From: Bjorn Helgaas <helgaas@kernel.org>
To: linux-pci@vger.kernel.org
Cc: "Jon Pan-Doh" <pandoh@google.com>,
"Karolina Stolarek" <karolina.stolarek@oracle.com>,
"Weinan Liu" <wnliu@google.com>,
"Martin Petersen" <martin.petersen@oracle.com>,
"Ben Fuller" <ben.fuller@oracle.com>,
"Drew Walton" <drewwalton@microsoft.com>,
"Anil Agrawal" <anilagrawal@meta.com>,
"Tony Luck" <tony.luck@intel.com>,
"Ilpo Järvinen" <ilpo.jarvinen@linux.intel.com>,
"Sathyanarayanan Kuppuswamy"
<sathyanarayanan.kuppuswamy@linux.intel.com>,
"Lukas Wunner" <lukas@wunner.de>,
"Jonathan Cameron" <Jonathan.Cameron@huawei.com>,
"Sargun Dhillon" <sargun@meta.com>,
"Paul E . McKenney" <paulmck@kernel.org>,
"Mahesh J Salgaonkar" <mahesh@linux.ibm.com>,
"Oliver O'Halloran" <oohall@gmail.com>,
"Kai-Heng Feng" <kaihengf@nvidia.com>,
"Keith Busch" <kbusch@kernel.org>,
"Robert Richter" <rrichter@amd.com>,
"Terry Bowman" <terry.bowman@amd.com>,
"Shiju Jose" <shiju.jose@huawei.com>,
"Dave Jiang" <dave.jiang@intel.com>,
linux-kernel@vger.kernel.org, linuxppc-dev@lists.ozlabs.org,
"Bjorn Helgaas" <bhelgaas@google.com>,
"Krzysztof Wilczyński" <kwilczynski@kernel.org>
Subject: Re: [PATCH v7 17/17] PCI/AER: Add sysfs attributes for log ratelimits
Date: Thu, 22 May 2025 18:05:45 -0500 [thread overview]
Message-ID: <20250522230545.GA1496972@bhelgaas> (raw)
In-Reply-To: <20250520215047.1350603-18-helgaas@kernel.org>
On Tue, May 20, 2025 at 04:50:34PM -0500, Bjorn Helgaas wrote:
> From: Jon Pan-Doh <pandoh@google.com>
>
> Allow userspace to read/write log ratelimits per device (including
> enable/disable).
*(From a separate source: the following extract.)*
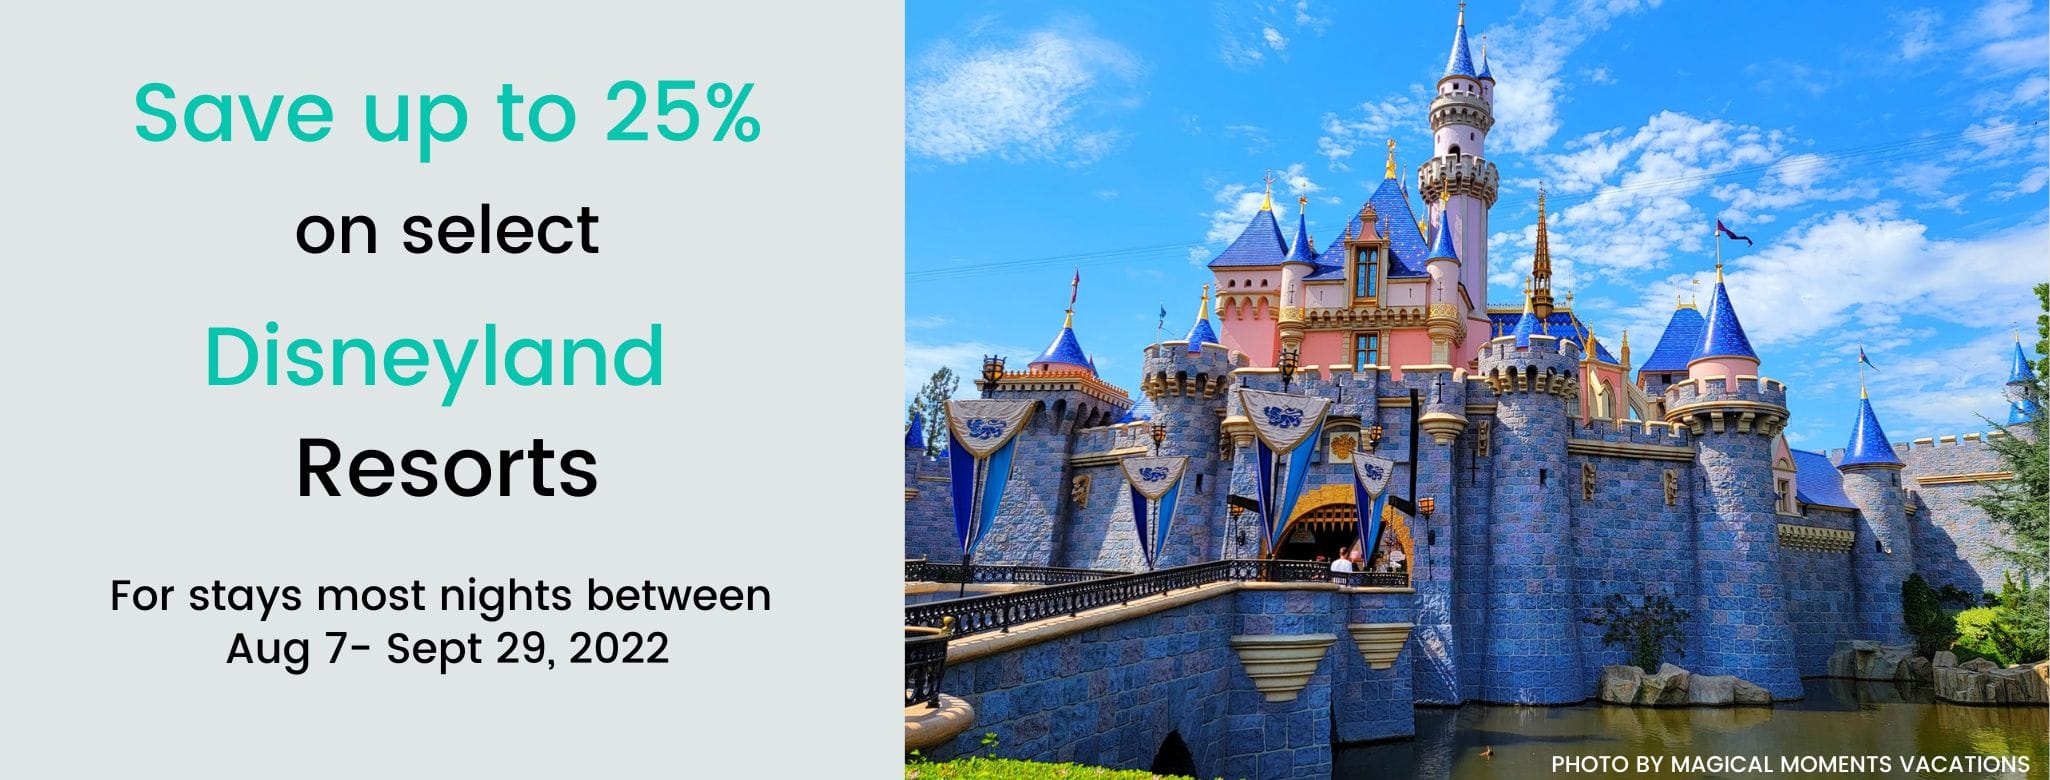 Save up to 25% at Disneyland through June 2022

Create aer/ sysfs directory to store them and any
> future aer configs.
> +PCIe AER ratelimits
> +-------------------
> +
> +These attributes show up under all the devices that are AER capable.
> +They represent configurable ratelimits of logs per error type.
> +
> +See Documentation/PCI/pcieaer-howto.rst for more info on ratelimits.
> +
> +What: /sys/bus/pci/devices/<dev>/aer/ratelimit_log_enable
> +Date: May 2025
> +KernelVersion: 6.16.0
> +Contact: linux-pci@vger.kernel.org, pandoh@google.com
> +Description: Writing 1/0 enables/disables AER log ratelimiting. Reading
> + gets whether or not AER ratelimiting is currently enabled.
> + Enabled by default.
> +
> +What: /sys/bus/pci/devices/<dev>/aer/ratelimit_burst_cor_log
> +Date: May 2025
> +KernelVersion: 6.16.0
> +Contact: linux-pci@vger.kernel.org, pandoh@google.com
> +Description: Ratelimit burst for correctable error logs. Writing a value
> + changes the number of errors (burst) allowed per interval
> + (5 second window) before ratelimiting. Reading gets the
> + current ratelimit burst.
> +
> +What: /sys/bus/pci/devices/<dev>/aer/ratelimit_burst_uncor_log
> +Date: May 2025
> +KernelVersion: 6.16.0
> +Contact: linux-pci@vger.kernel.org, pandoh@google.com
> +Description: Ratelimit burst for non-fatal uncorrectable error logs.
> + Writing a value changes the number of errors (burst)
> + allowed per interval (5 second window) before ratelimiting.
> + Reading gets the current ratelimit burst.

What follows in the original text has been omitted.